Work required
Go through the listing below and write out exactly the lines from the one that mentions "Switch on your" through the one that mentions "You Guys Killed", minus the pictures.
(Data for the task Opens)
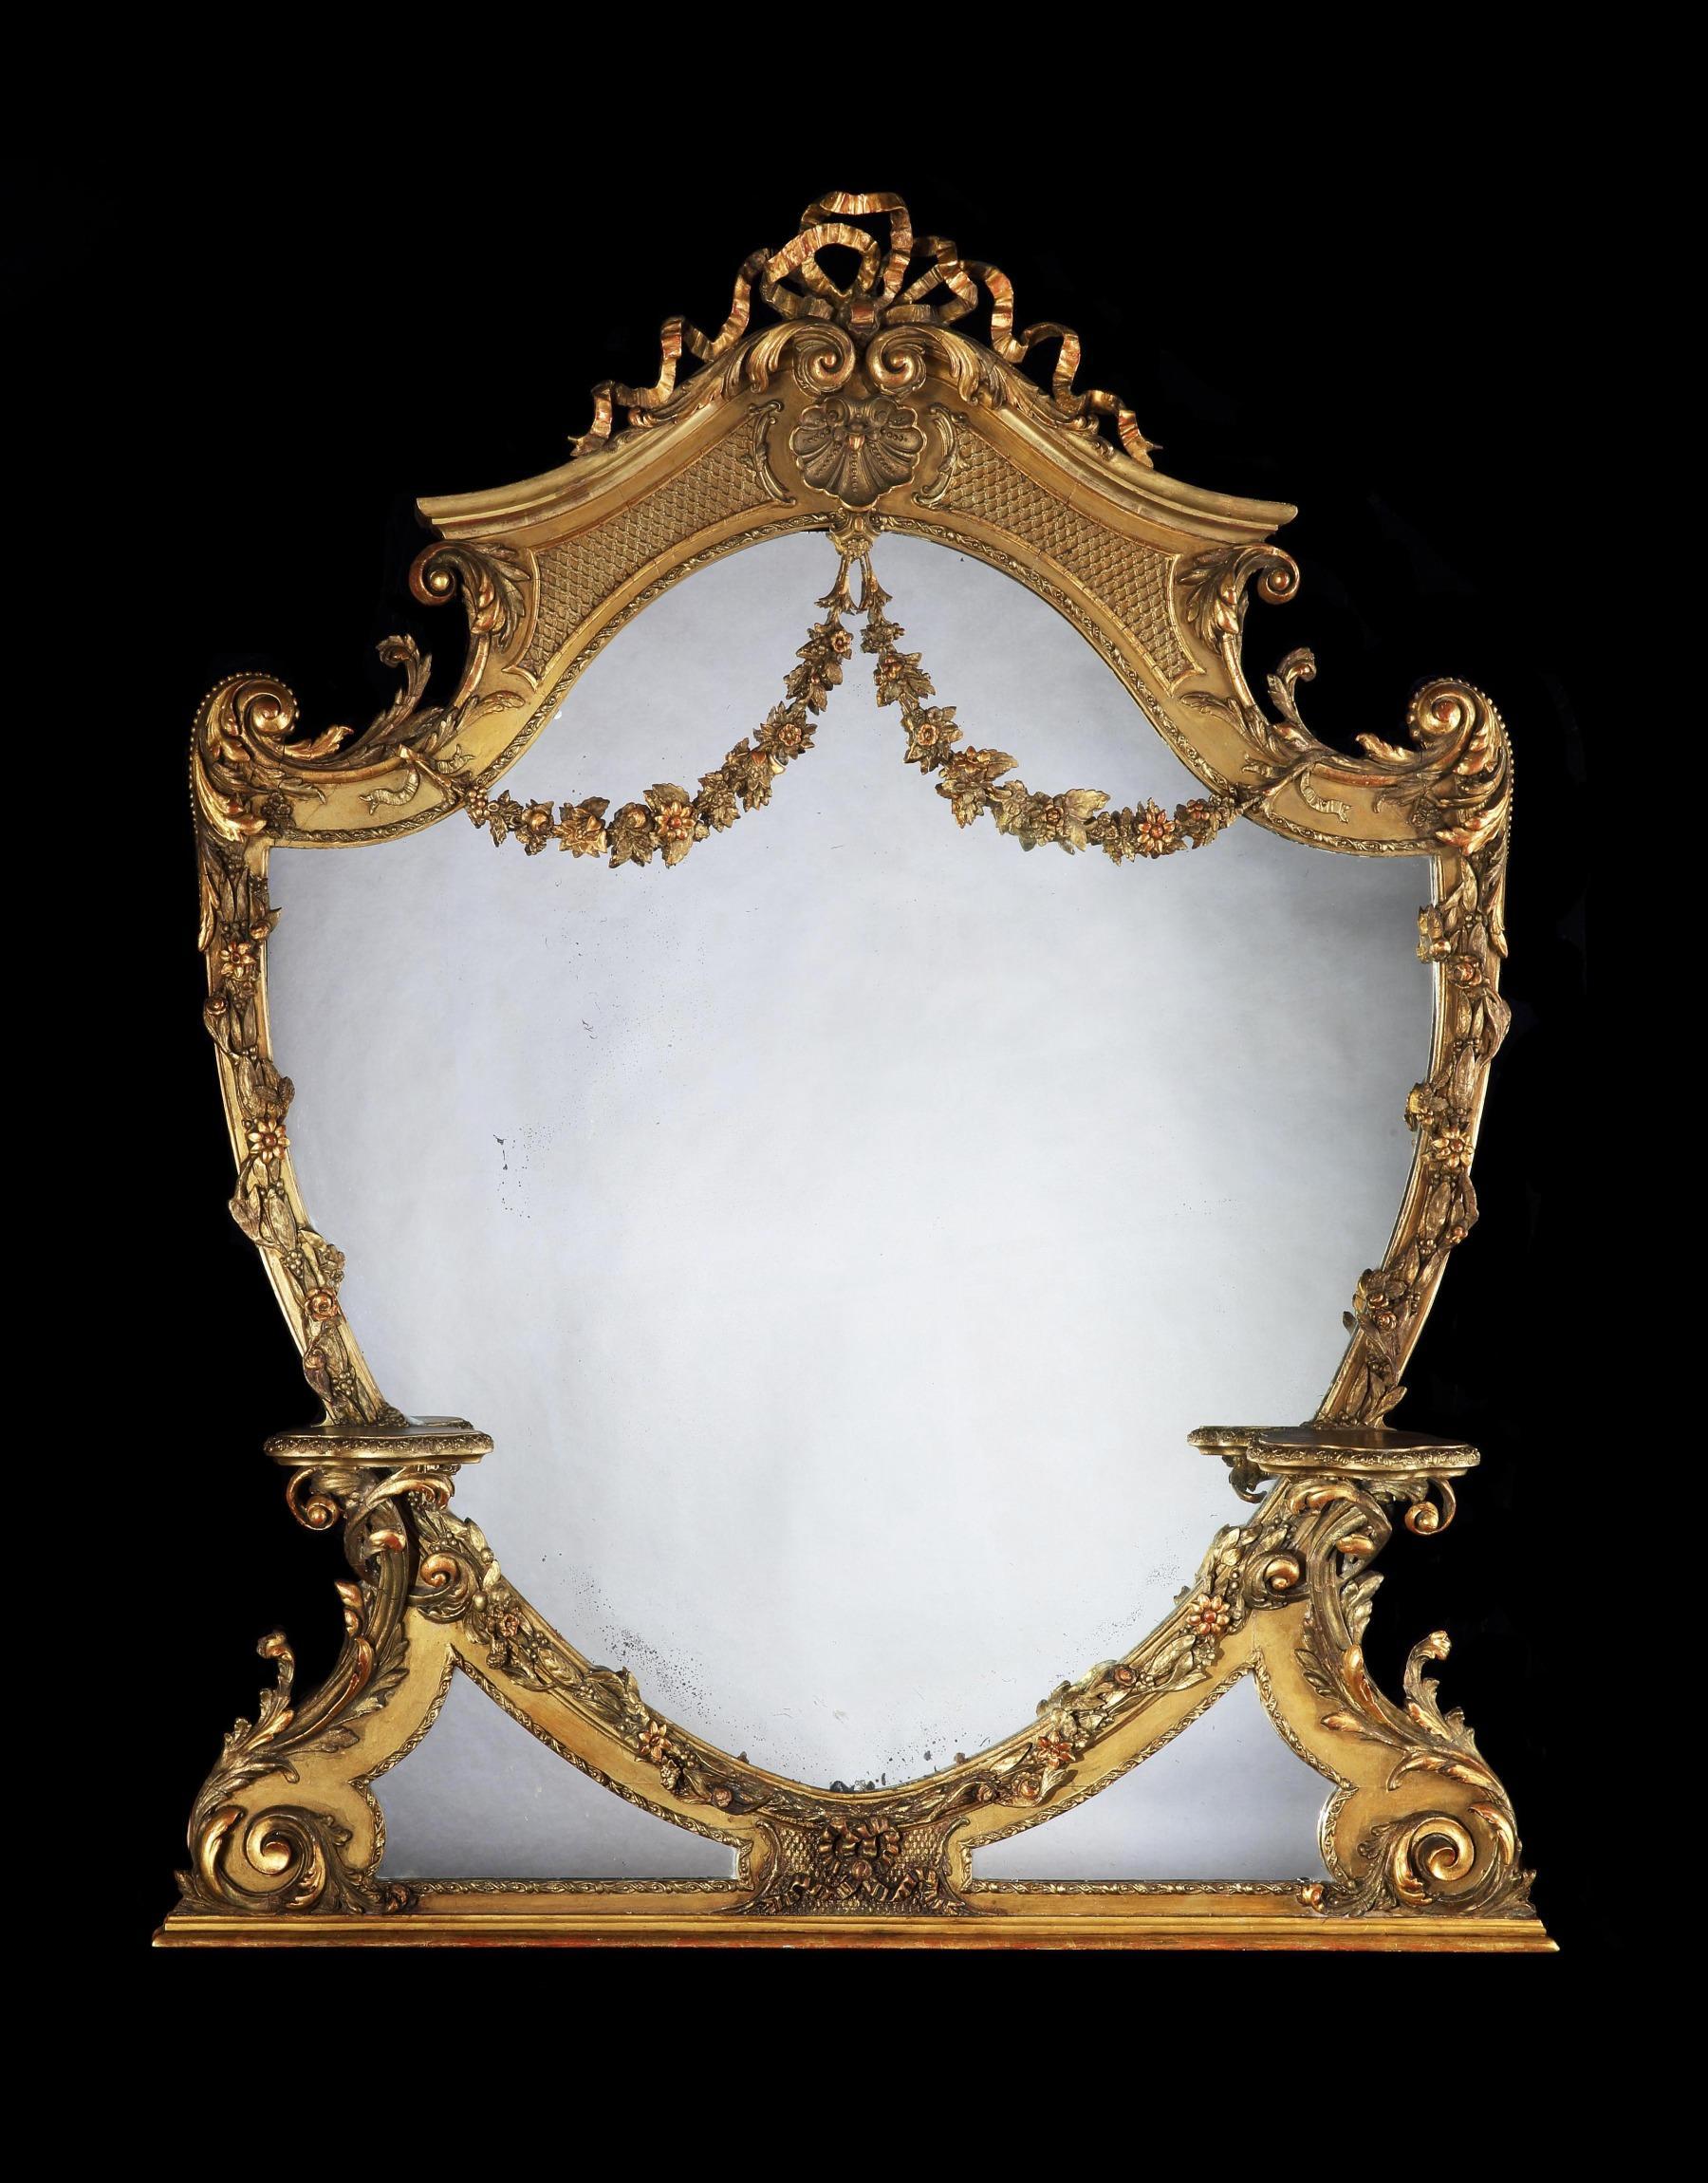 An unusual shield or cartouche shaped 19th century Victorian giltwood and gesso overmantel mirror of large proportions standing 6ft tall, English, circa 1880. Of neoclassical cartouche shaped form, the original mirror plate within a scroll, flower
(Data for the task Closes)
(Data for the task Opens)
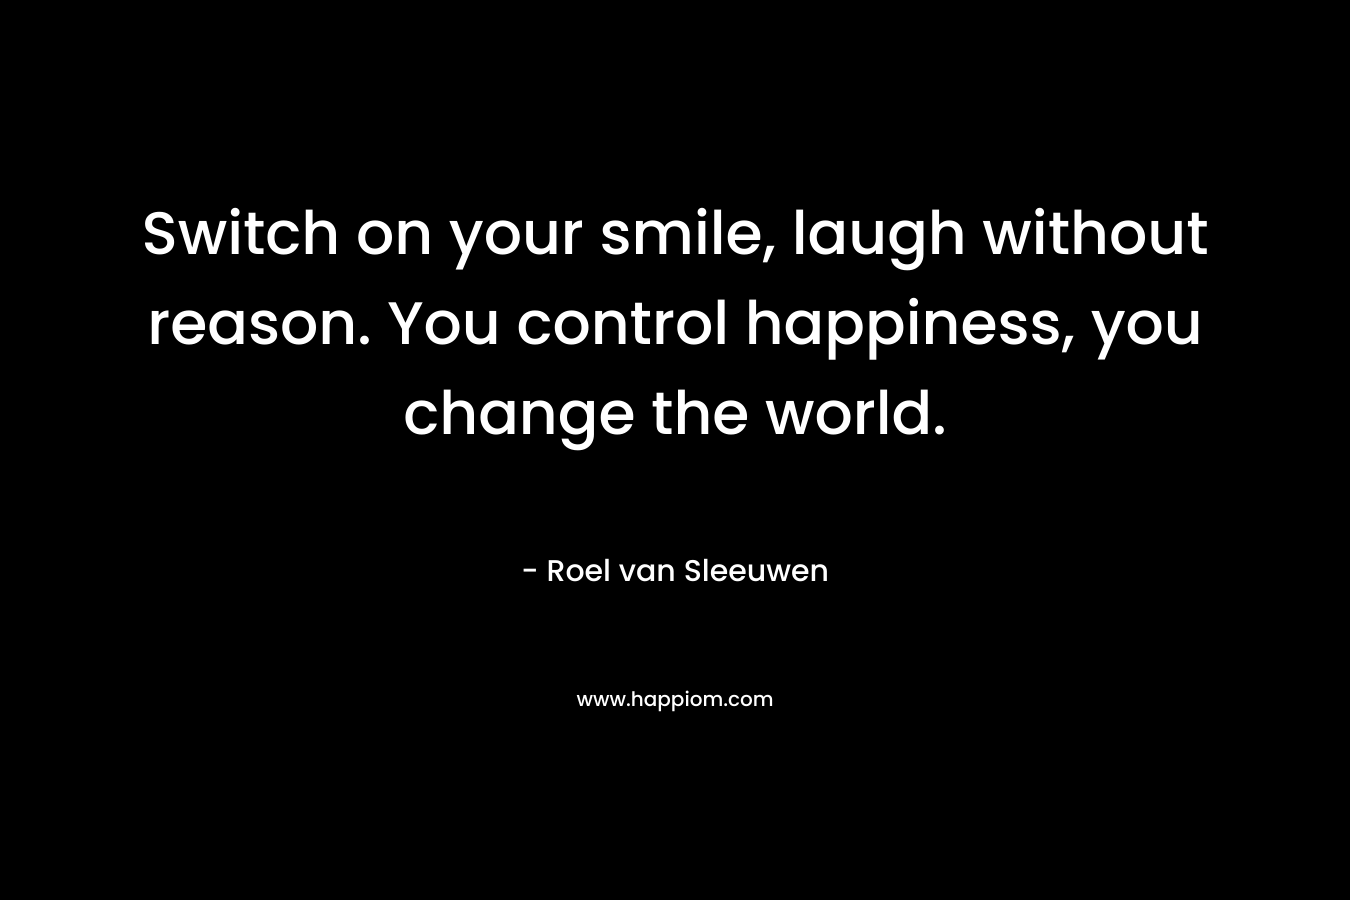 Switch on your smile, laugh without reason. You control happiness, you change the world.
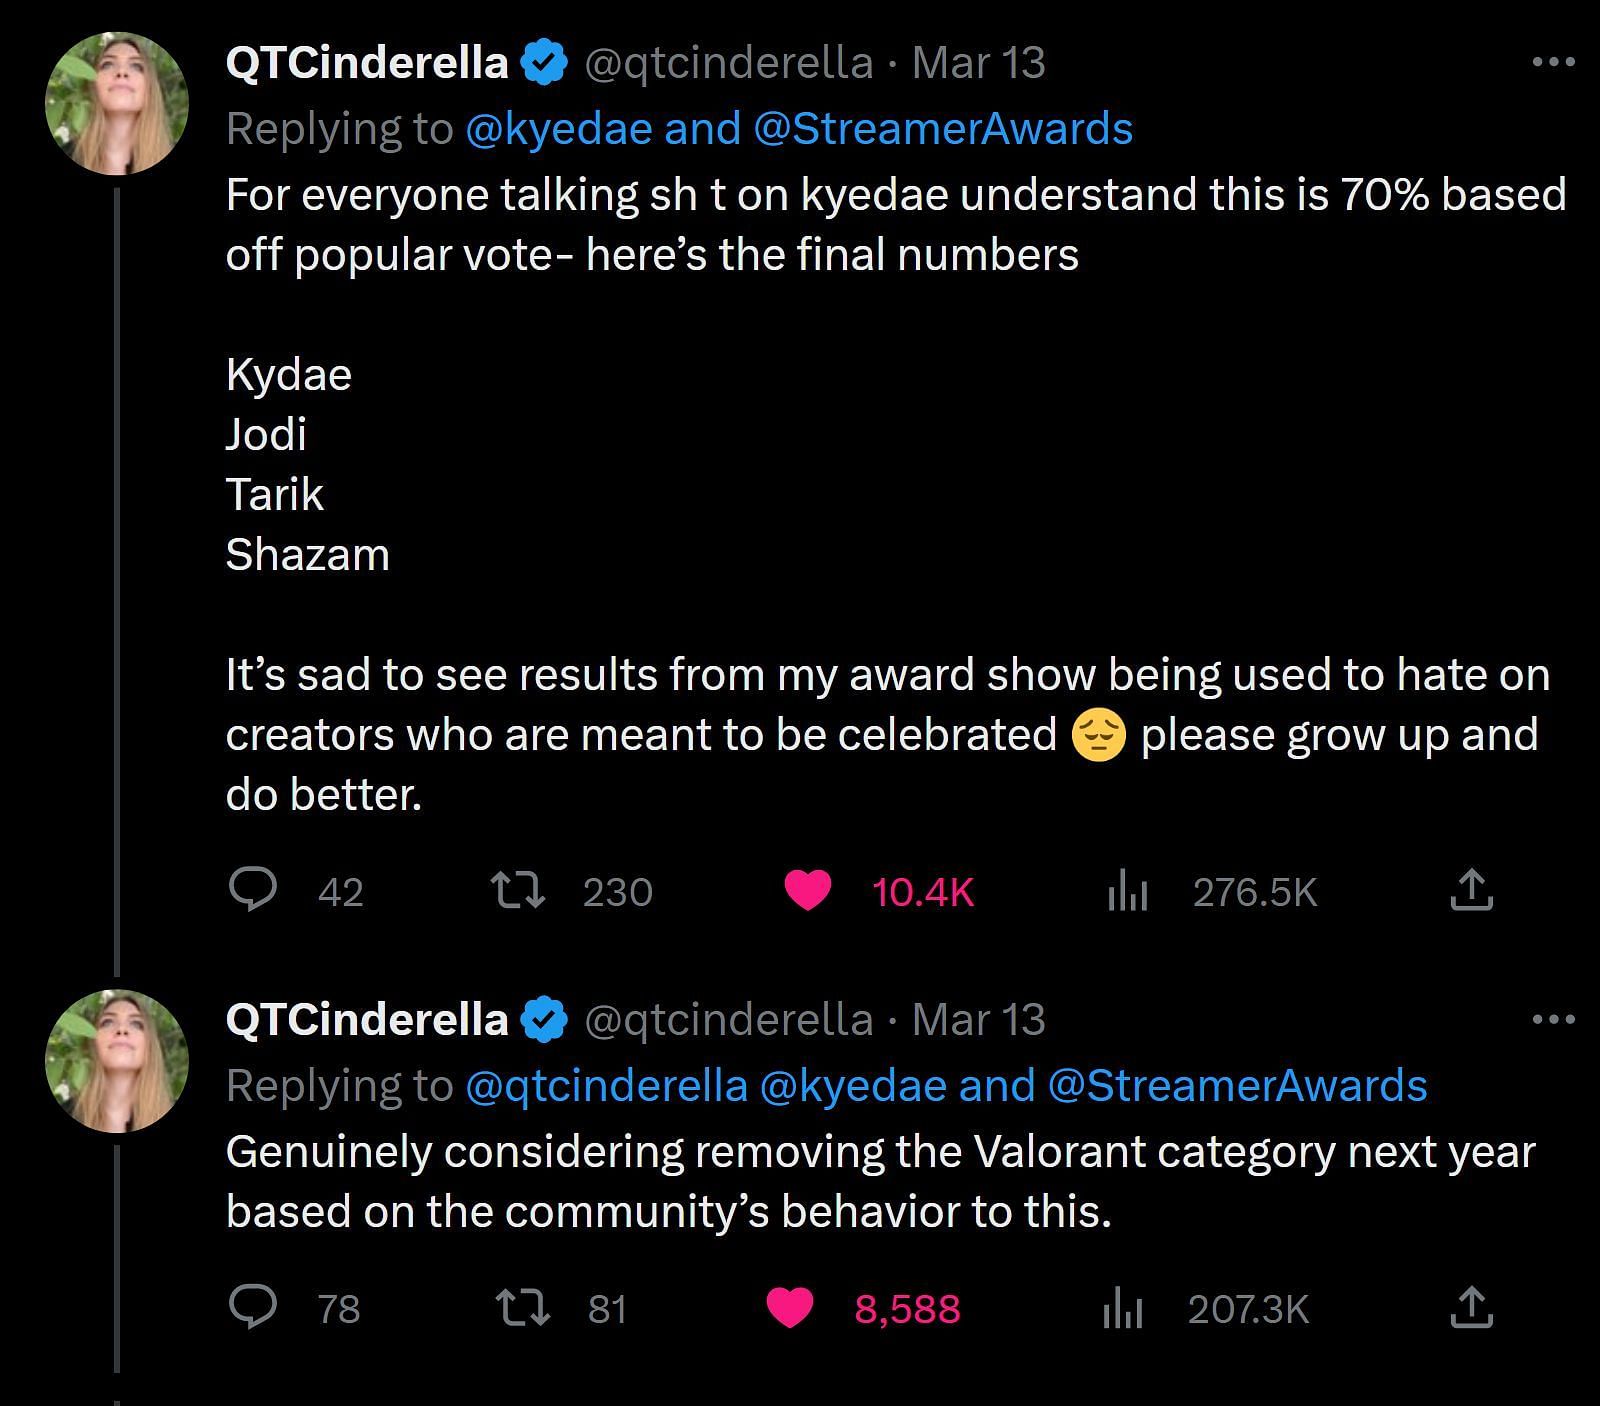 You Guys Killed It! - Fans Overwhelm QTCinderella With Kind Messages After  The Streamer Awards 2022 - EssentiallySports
(Data for the task Closes)
(Data for the task Opens)
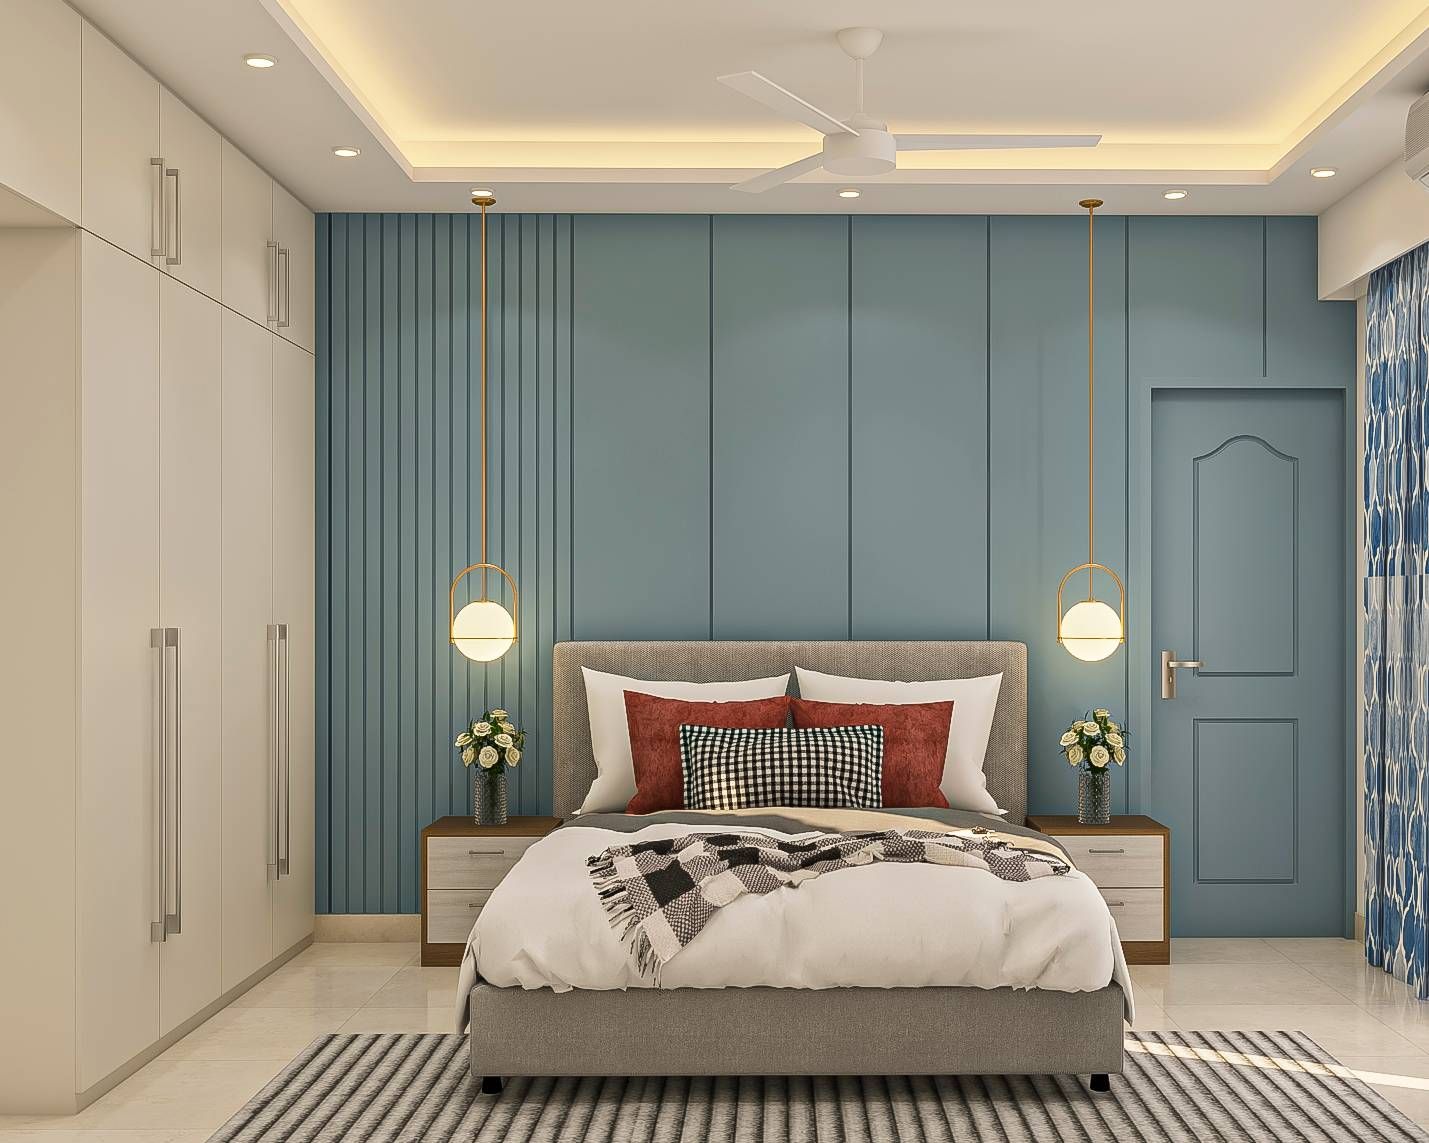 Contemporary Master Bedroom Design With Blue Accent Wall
(Data for the task Closes)
Worked solution
 Switch on your smile, laugh without reason. You control happiness, you change the world.
 You Guys Killed It! - Fans Overwhelm QTCinderella With Kind Messages After  The Streamer Awards 2022 - EssentiallySports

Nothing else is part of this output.